Non contente d’une révolution de formes en corrélation avec les technologies de modélisation et d’impression 3D, elle se base sur une approche théorique qui fait radicalement basculer le design dans le champ scientifique. Dans son optique il ne s’agit plus simplement de travailler en s’inspirant de la nature, mais avec la nature voir à la place de la nature. Ce qu’elle assume entièrement d’ailleurs. Lorsqu’on commence à concevoir avec de la matière vivante telle que des bactéries comment ne pas se l’imaginer ? C’est ainsi que dans son laboratoire de recherche en design au MIT, on rencontre des stocks de chitine sous forme de carapaces de crevettes, des vers à soie qui travaillent avec des imprimantes 3D, des cultures de bactéries sous formes de bio-vêtements et bien d’autres. Sous leurs dehors de science-fiction, ces créations méritent qu’on s’y intéresse pour leur fondement purement expérimental tout autant que pour l’univers entre création futuriste et science dans lequel évoluent la designer et sa nouvelle pratique du design.

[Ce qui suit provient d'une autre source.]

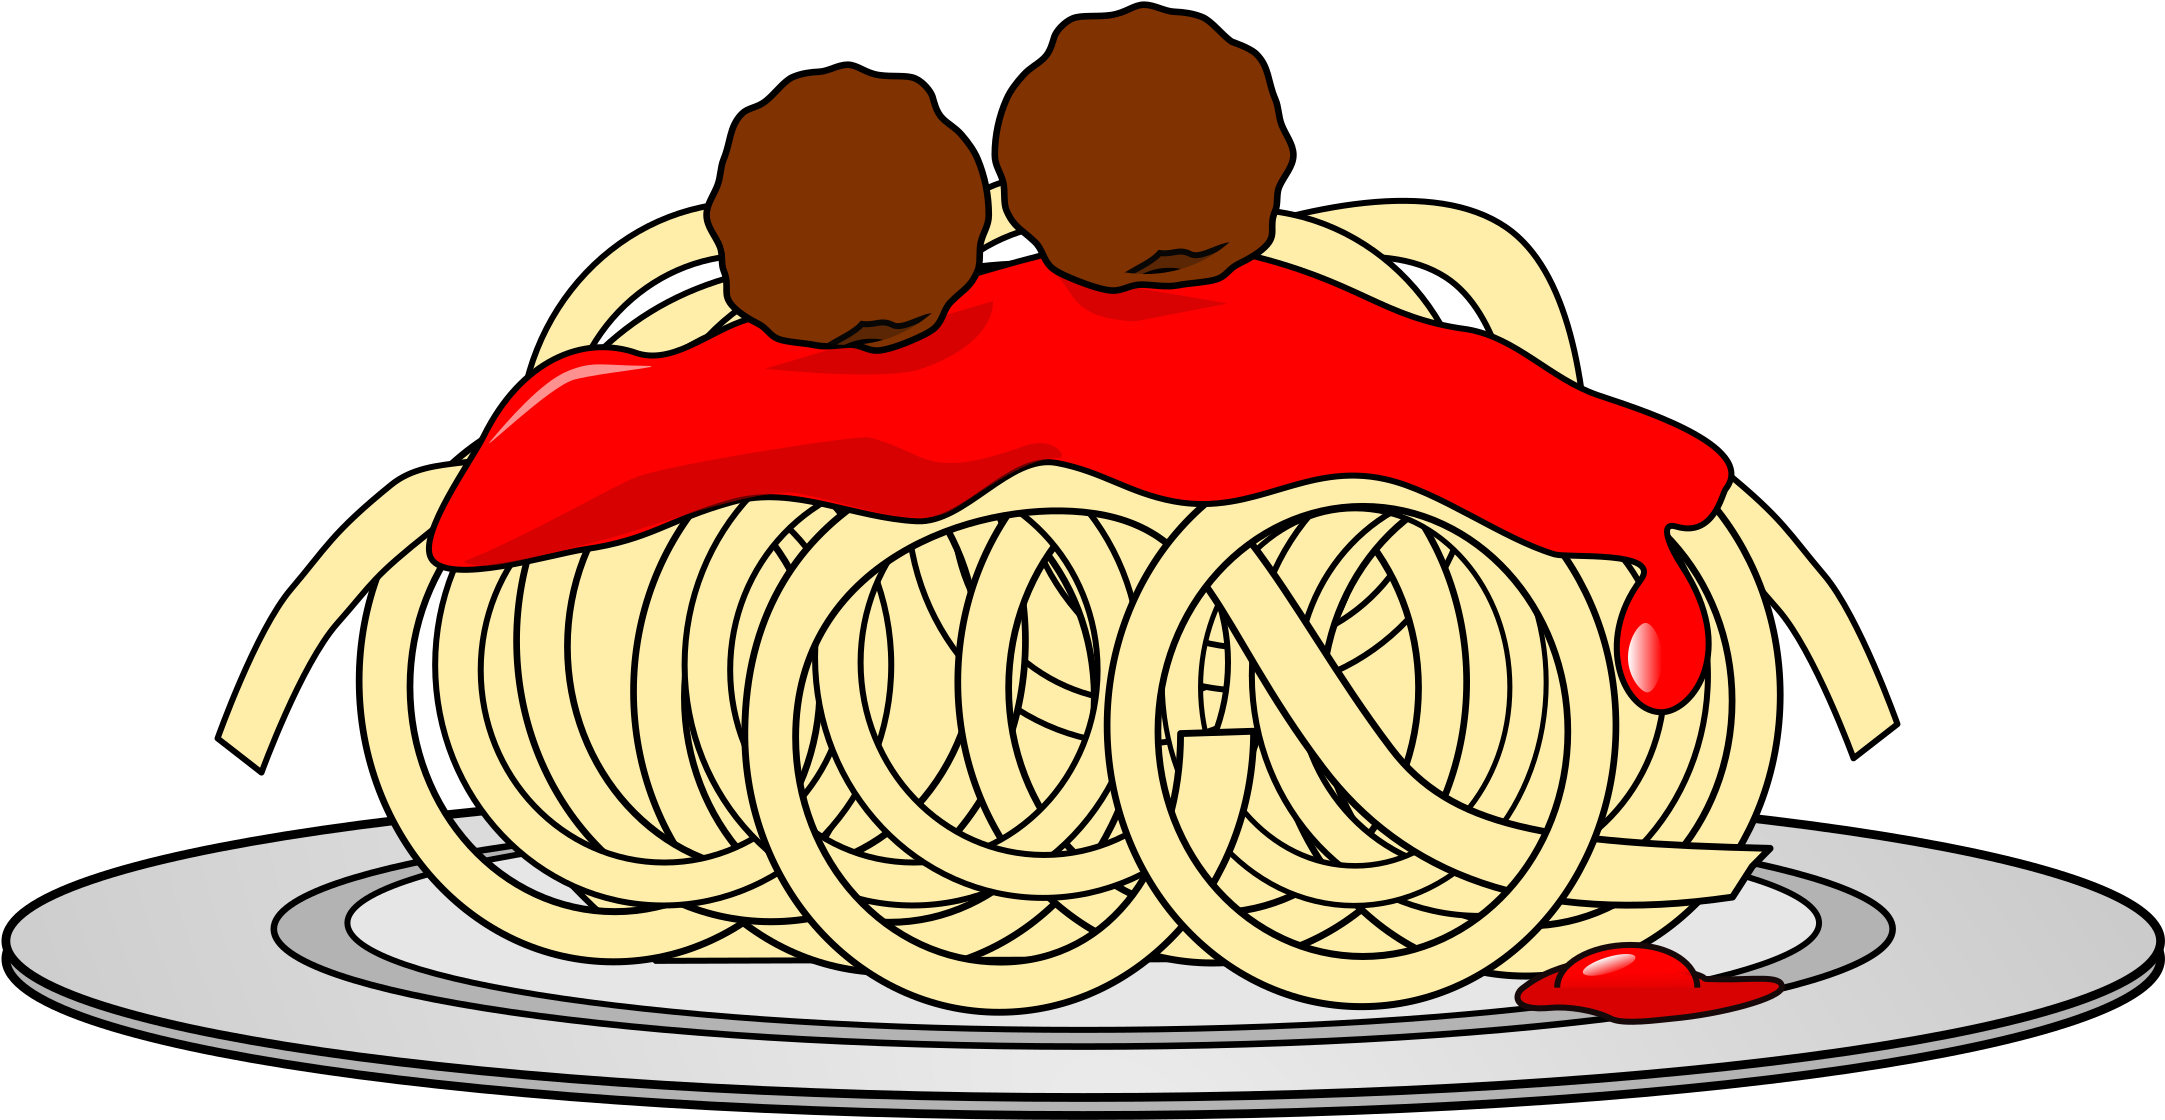 This Free Icons Png Design Of Spaghetti And Meatballs - Spaghetti And Meatballs Clipart (2400x1800)

Neri Oxman 2013 Kathryn M. O’Neill , Spectrum, MIT.

Neri Oxman, copyright 2013, Kathryn M. O’Neill , Spectrum, MIT.

« Quitter l’ère de la machine pour une ère de symbiose »

Il n’y a pas que la forme qui est organique chez Neri Oxman. L’axe majeur de son travail est théorique : imaginer une nouvelle manière de concevoir. Les logiciels permettent d’appréhender plus facilement la grande complexité du vivant et de la matière, et donc de repenser totalement l’intrication des matériaux, avec de nouvelles finalités écologiques. Elle s’intéresse tout particulièrement à l’idée d’un processus de fabrication inspiré de la nature : la croissance.  Dépasser l’assemblage simple d’éléments qui donne un objet (ou un bâtiment, car elle relie aussi la micro à la macro échelle), pour arriver à une forme de développement synergique de l’élément souhaité. Elle affirme ainsi vouloir « quitter l’ère des machines, pour une ère de symbiose » dans son Ted Talks d’octobre 2015. Ce qui est notamment permis par les nouveaux logiciels de plus en plus accessibles et qui donnent un pouvoir nouveau à la designer.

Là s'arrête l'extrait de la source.